Can you imagine yourself in a situation where you only had 56 seconds to live? If you are a helicopter pilot and you find yourself in Unintentional Instrument Meteorological Conditions (UIMC), those precious 56 seconds may be a reality.
“U.S. accident statistics reveal that a helicopter pilot operating under Visual Flight Rules who unintentionally continues flight into IMC will very likely lose control of their aircraft and be dead within an average of 56 seconds,” according to Nick Mayhew, industry co-chair of the U.S. Helicopter Safety Team. “We must join industry stakeholders to do everything we can to reverse this alarming and unacceptable trend.”
The USHST has created a video (found at https://ushst.org/56secs/
) aimed at saving lives and making sure that those 56 seconds never occur. Watch the video to see just how rapidly a pilot can lose control of their helicopter when attempting to continue a Visual Flight Rules flight into IMC.
The 56-second time period is based on a USHST study of 221 fatal helicopter accidents that occurred from 2009 to 2019. Unintentional IMC was one of the top causes in 38 of the fatal accidents. Analysis of these events determined that the median estimated time from UIMC entry to the fatal crash was 56 seconds. The video offers a graphic depiction of how those 56 seconds feel to a desperate helicopter pilot.

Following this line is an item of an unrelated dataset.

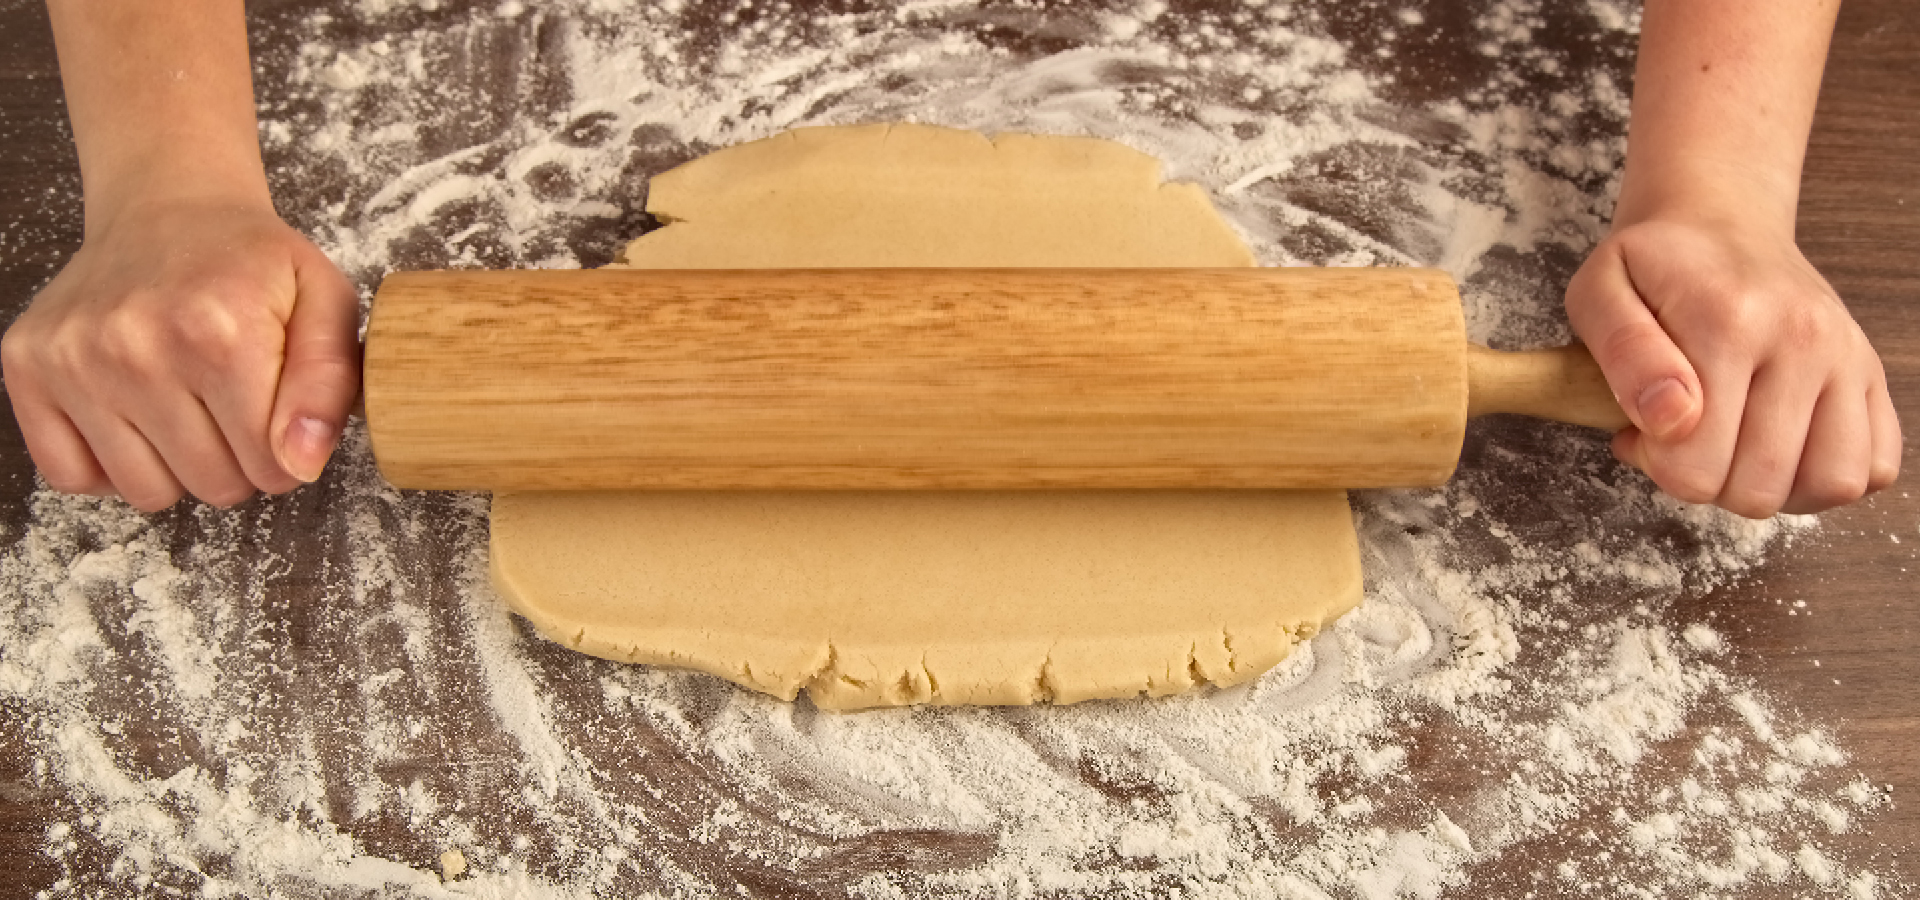 Flattening dough with a rolling pin

More information about the USHST, the International Helicopter Safety Foundation, its reports, safety tools, Reel Safety audio-visual presentations, and YouTube safety videos can be obtained at www.USHST.org
, at www.IHSF.aero
and on the USHST and IHSF Facebook pages.
In addition, coming soon is the “56 Seconds to Live Course.” On April 15 on the USHST web site, pilots will be able to complete a free learning management system (LMS) course that emphasizes critical aeronautical decision-making moments. The course will include a learning certificate and enable pilots with a FAASTeam account to earn credit.